# Root test & Ratio test

1. Mar 8, 2010

### kingwinner

Let ∑ak be a series with positive terms.
Ratio test:
Suppose ak+1/ak -> c.
If c<1, then ∑ak converges.
If c>1, then ∑ak diverges.
If c=1, the test is inconclusive.

What if ak+1/ak diverges (i.e. ak+1/ak->∞)? Do we count this as falling into the case c>1? Can we say whether ∑ak converges or not?

Root test:
Suppose limsup (ak)1/k = r.
If r<1, then ∑ak converges.
If r>1, then ∑ak diverges.
If r=1, the test is inconclusive.

What if limsup (ak)1/k = ∞? Do we count this as falling into the case r>1? Can we say whether ∑ak converges or not?

Thanks for clarifying!

2. Mar 8, 2010

### Tinyboss

Just unwind the definitions, and it should be clear.

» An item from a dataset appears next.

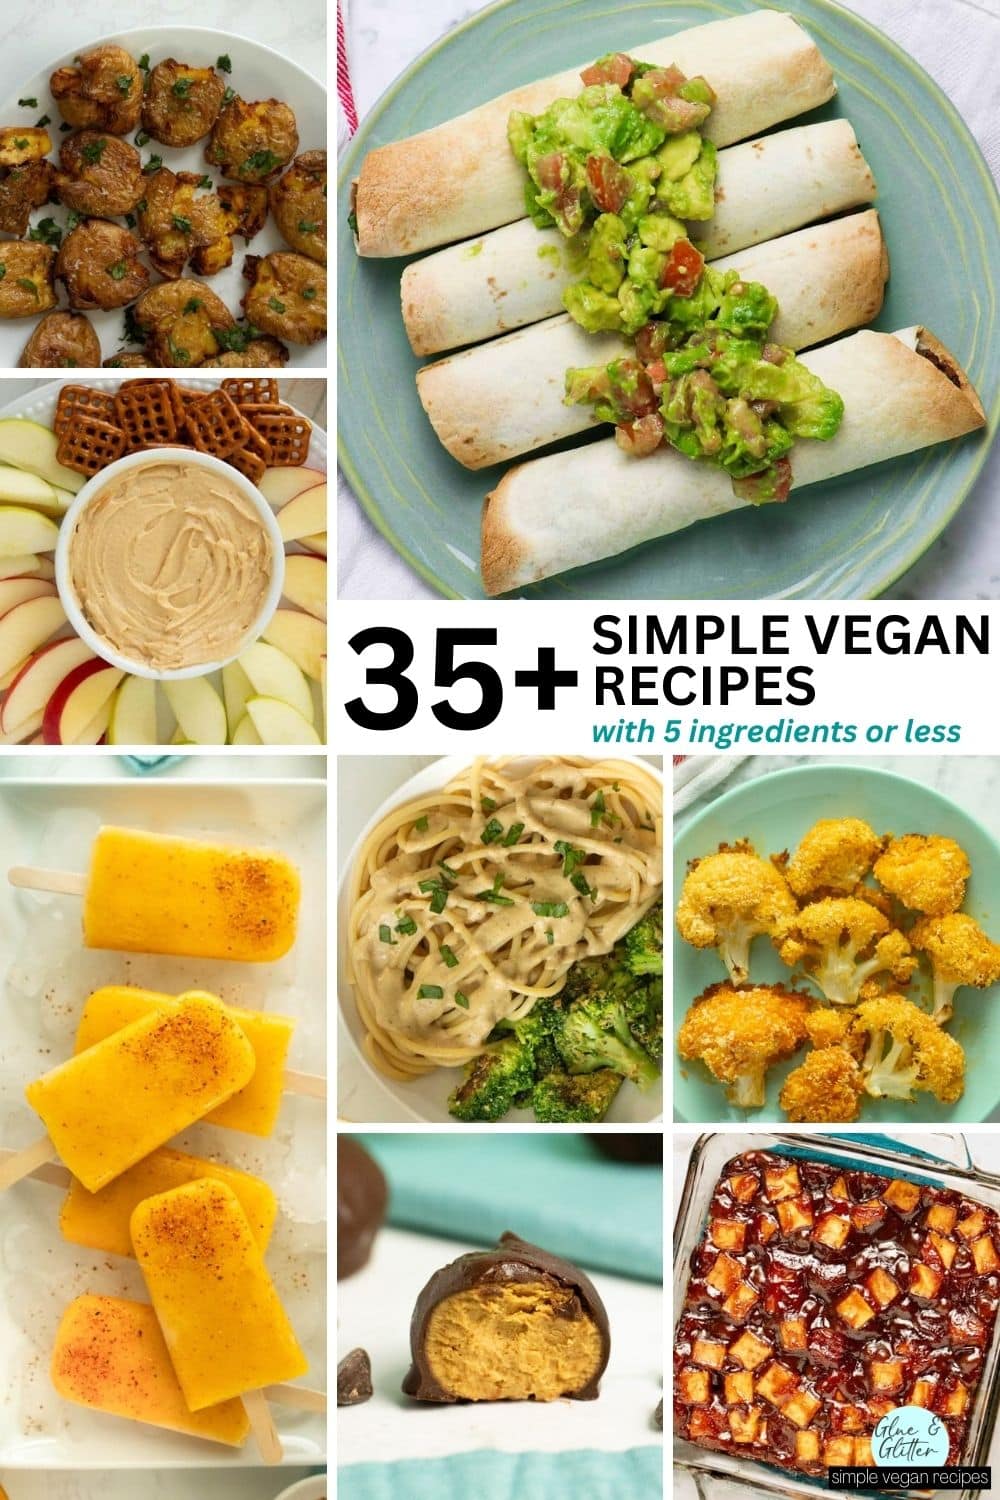 image collage showing some of the simple ingredients with 5 ingredients or less: smashed potatoes, taquitos, PB dip, pasta, popsicles, cauliflower, chocolate, and BBQ tofu
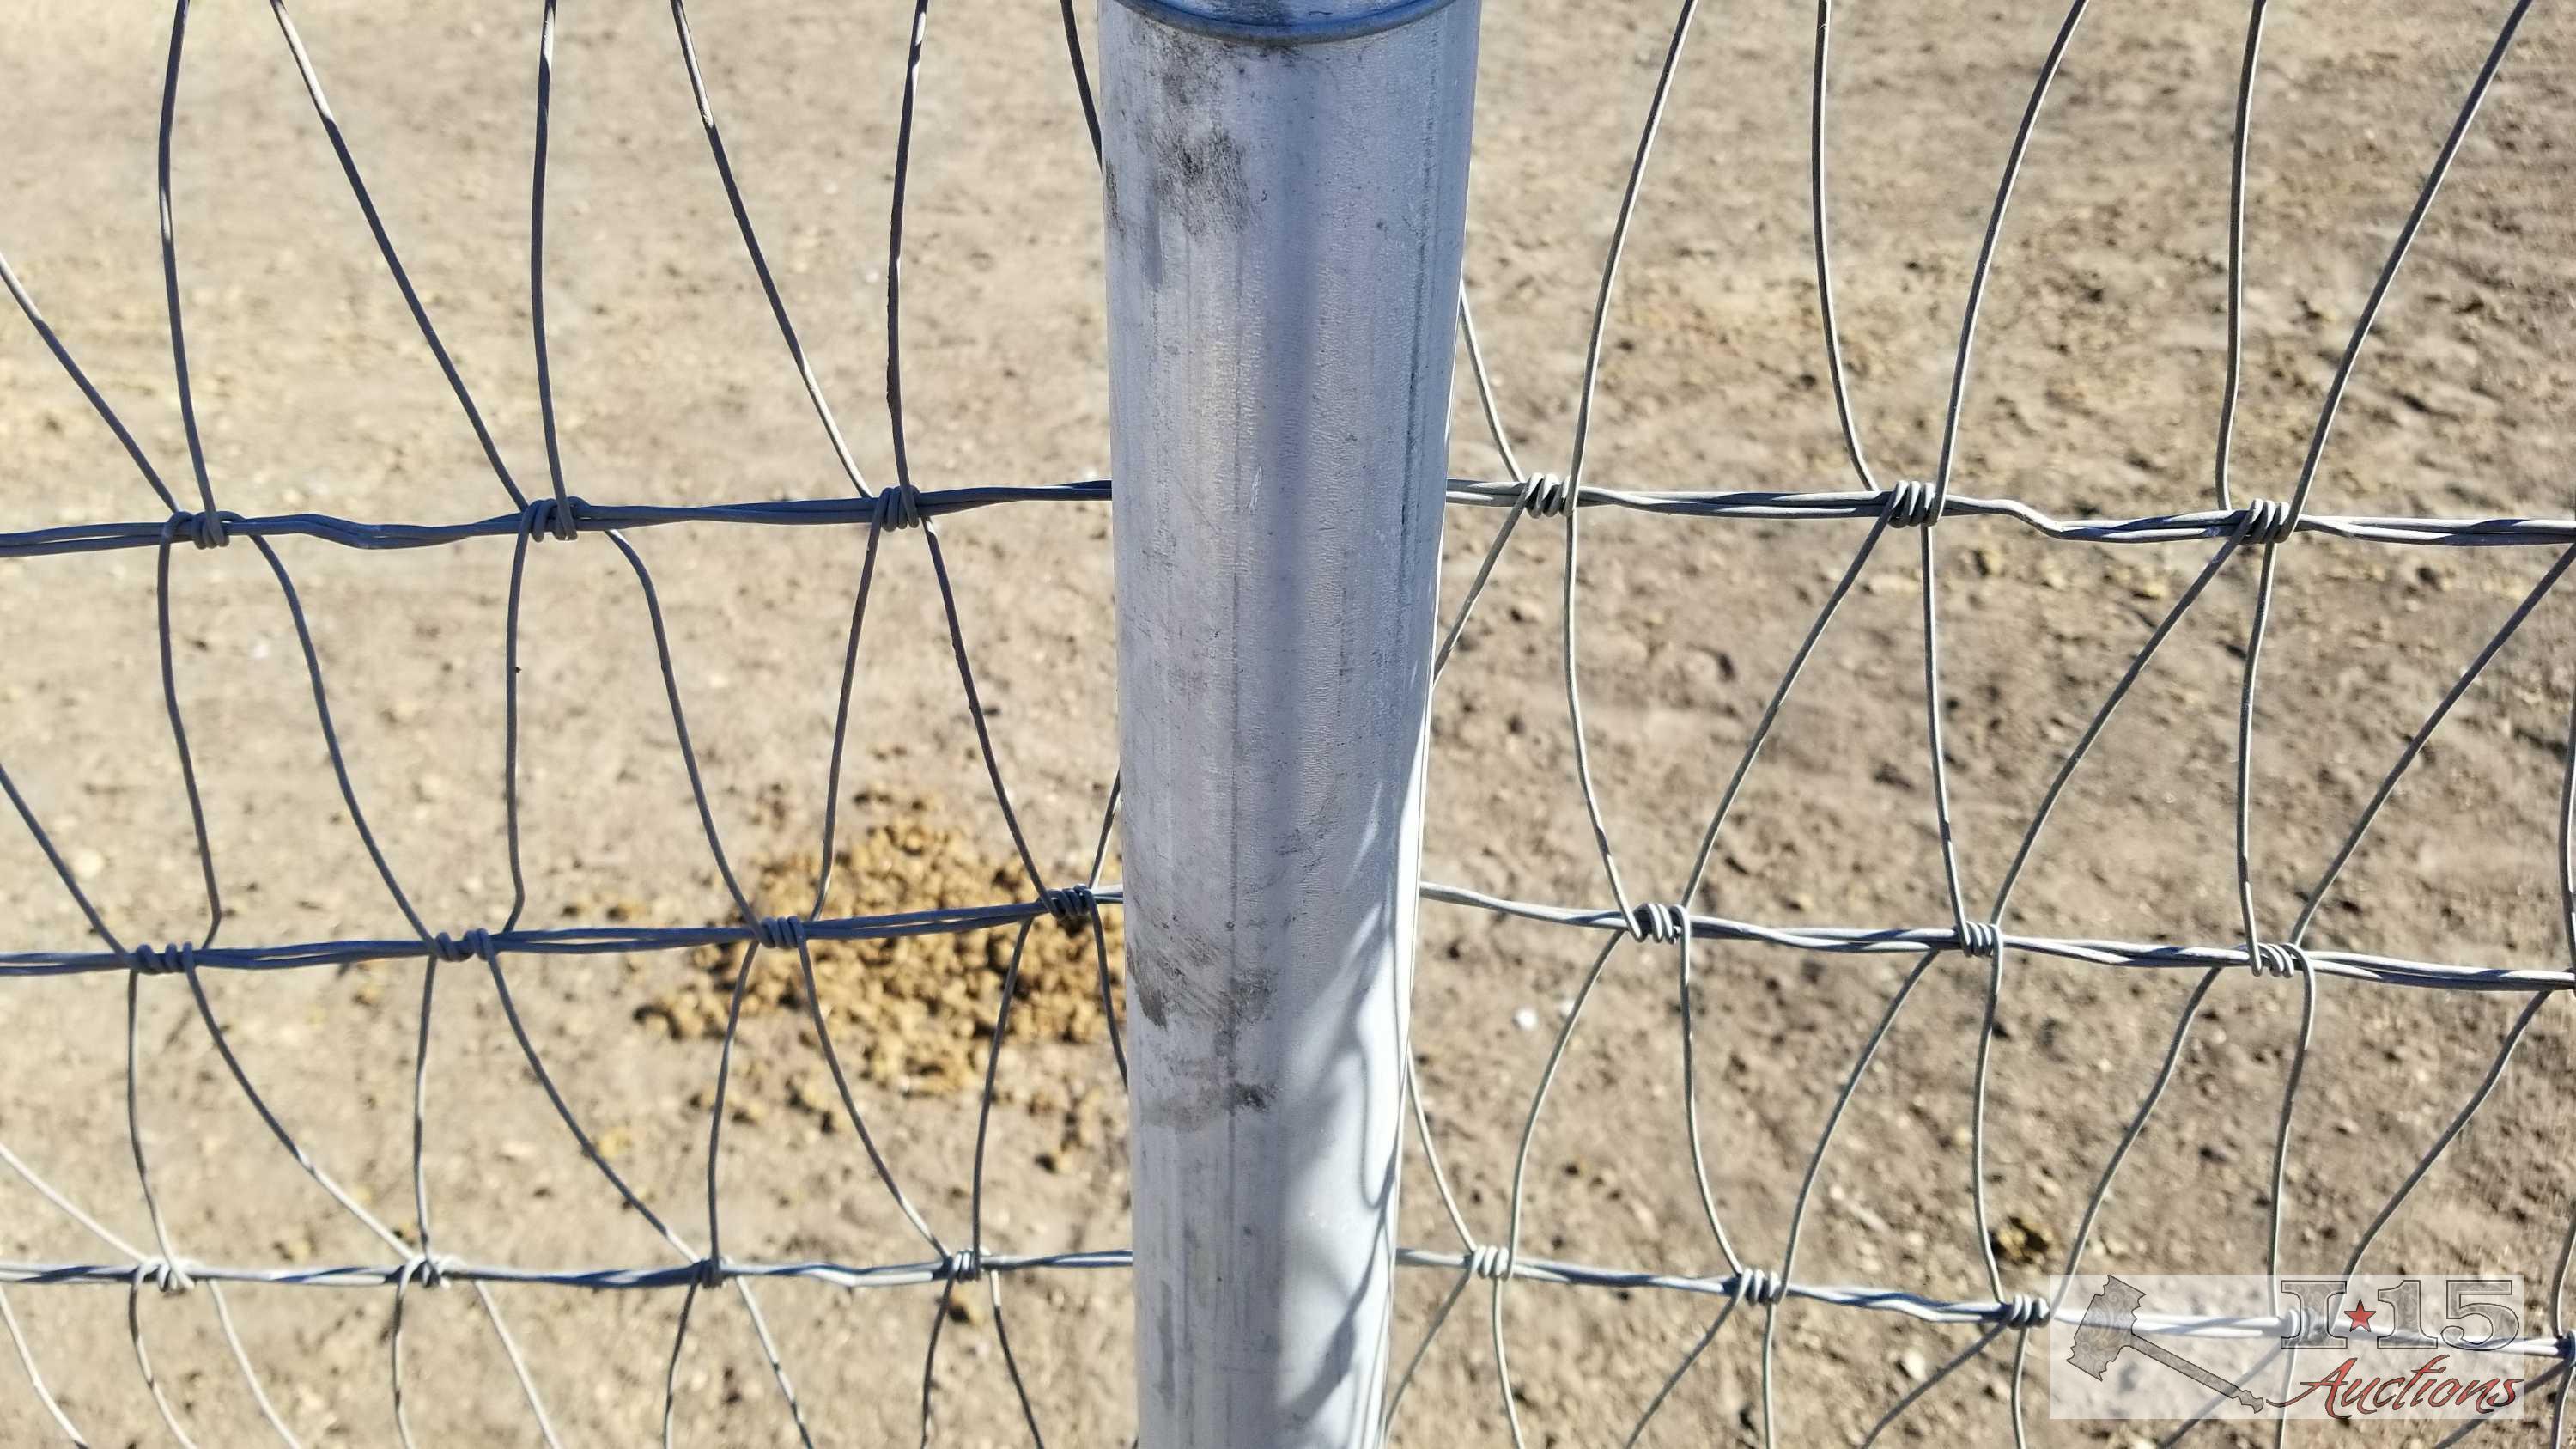 Approx. 3,850' of 5' Tall Fencing with Partial Double Post

First question: if $$a_{k+1}/a_k\to\infty$$, then for M as big as you like, there's some N such that $$a_{k+1}/a_k>M$$ for all k>N. That means that for k>N, we have $$|a_k|>M^{k-N}$$. Clearly that's diverging.

Second question: if $$\text{lim sup }a_k^{1/n}=\infty$$, then for M and N as large as you'd like, there's a k>N with $$a_k^{1/k}>M$$, i.e. $$|a_k|>M^k$$. Again, clearly divergent.

3. Mar 9, 2010

### kingwinner

So in the ratio test, the case c=∞ is allowed?

c=∞>1 => ∑ak diverges?

4. Mar 9, 2010

### Tinyboss

"The" ratio test requires that the sequence of ratios converges--it's right there in the definition you gave. If the sequence diverges to infinity, though, a simple modification of the argument yields the same result.

Whether that distinction is meaningful is up to you.